Enos Bromage

Personal information
- Date of birth: 30 April 1864
- Place of birth: Mickleover, England
- Date of death: 25 March 1947 (aged 82)
- Place of death: Derby, England
- Position: Goalkeeper

Senior career*
- Years: Team / Apps / (Gls)
- 1887: Derby Junction
- 1888–1890: Derby County / 17 / (0)
- 1890: Derby Junction

= Enos Bromage (footballer, born 1864) =

English footballer

Enos Bromage (30 April 1864 – 25 March 1947) was an English footballer who played as a goalkeeper in The Football League for Derby County.

Enos Bromage was recruited by Derby County from local club, Derby Junction, sometime in 1888 just before the start of the inaugural Football League season.

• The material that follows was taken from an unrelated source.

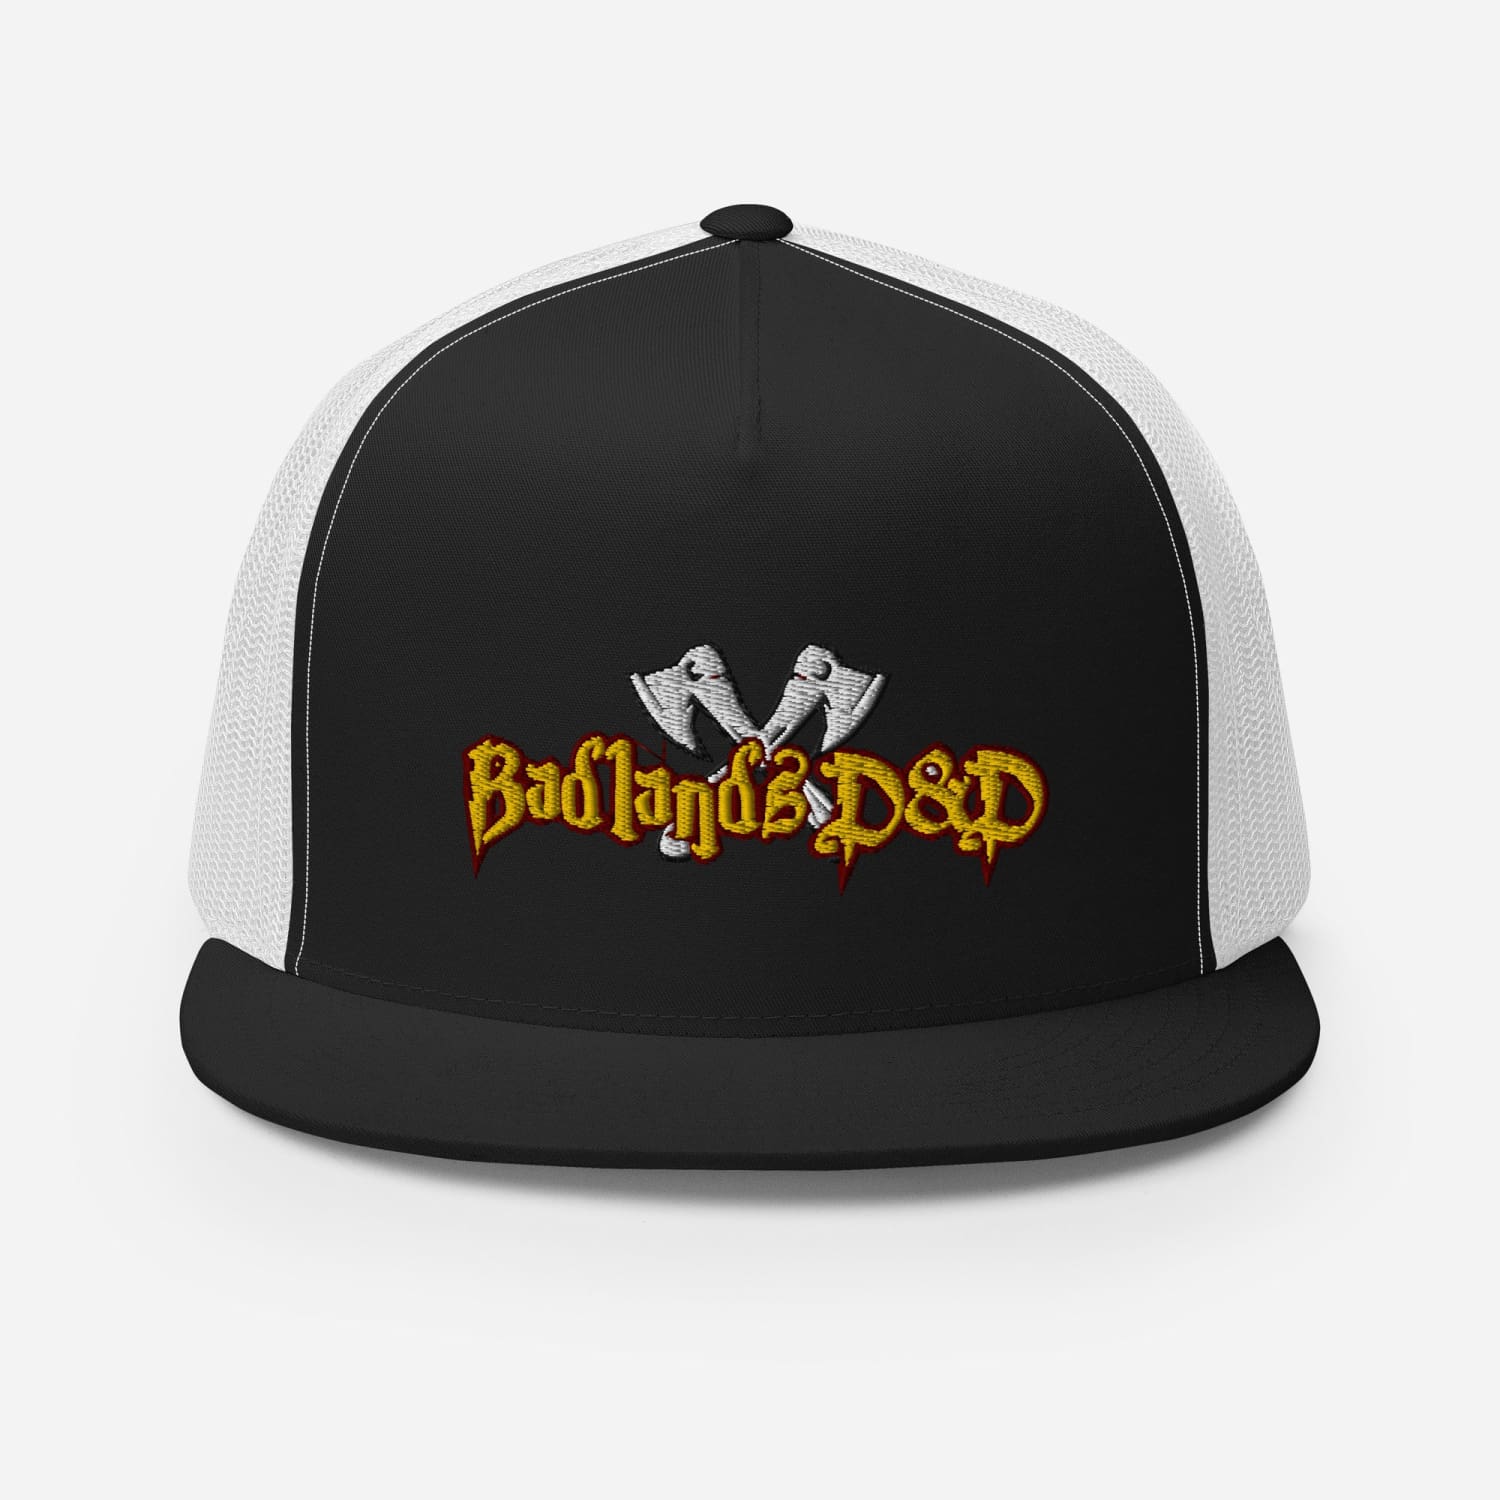 Badlands D&D Logo Classic Trucker Cap - Black/ White

On 30 January 1886 in a match on a slippery snow covered pitch against Eckington Works F.C., Bromage collided with an Eckington forward when catching the ball. He caught the player in the stomach with his knee injuring the player who played on seeming unaffected but died the following day.

Apart from one match the regular Derby County goalkeeper in 1888–1889 had been Joseph Marshall. On 2 February 1889 Derby County played their FA Cup 1st Round tie at County Ground, Derby against Derby Junction. The records do not show if Marshall was unfit or had been dropped. Either way Marshall never played top-flight football again and Reuben Pitman was selected as goalkeeper for both FA Cup ties. When League football restarted on 2 March 1889 Reuben Pitman was retained as first-team goalkeeper.

Despite playing three times and helping Derby County to three successive League wins Reuben Pitman was either injured or, out of favour, and Enos Bromage replaced him on 6 April 1889. The venue was Victoria Ground, Stoke, then home of Stoke. Both teams were facing re-election and the match was a tight, nervy affair. Derby County and Bromage got off to a great start and within one minute of kicking off Lol Plackett had put Derby County ahead, 1–0. Derby were not playing well and never looked like scoring another in the first half and so led 1–0 at half-time. In the second-half the Derby attack were more lively but missed their chances so the Derby team were grateful to Enos Bromage who made some "fine saves" to keep Derby County in the lead. However, right at the end, Stoke winger, Jimmy Sayer scored an equaliser. The goal was disputed as Derby players felt the ball went in after the referee blew for time but the referee did not agree.

Bromage played two League matches for Derby County in 1888–1889. Derby County finished 10th in the Football League conceding 61 goals, the third worst defence of that inaugural season.

Enos Bromage was retained for the 1889–1890 season and became the main goalkeeper for Derby County. He returned to Derby Junction F.C. in 1890.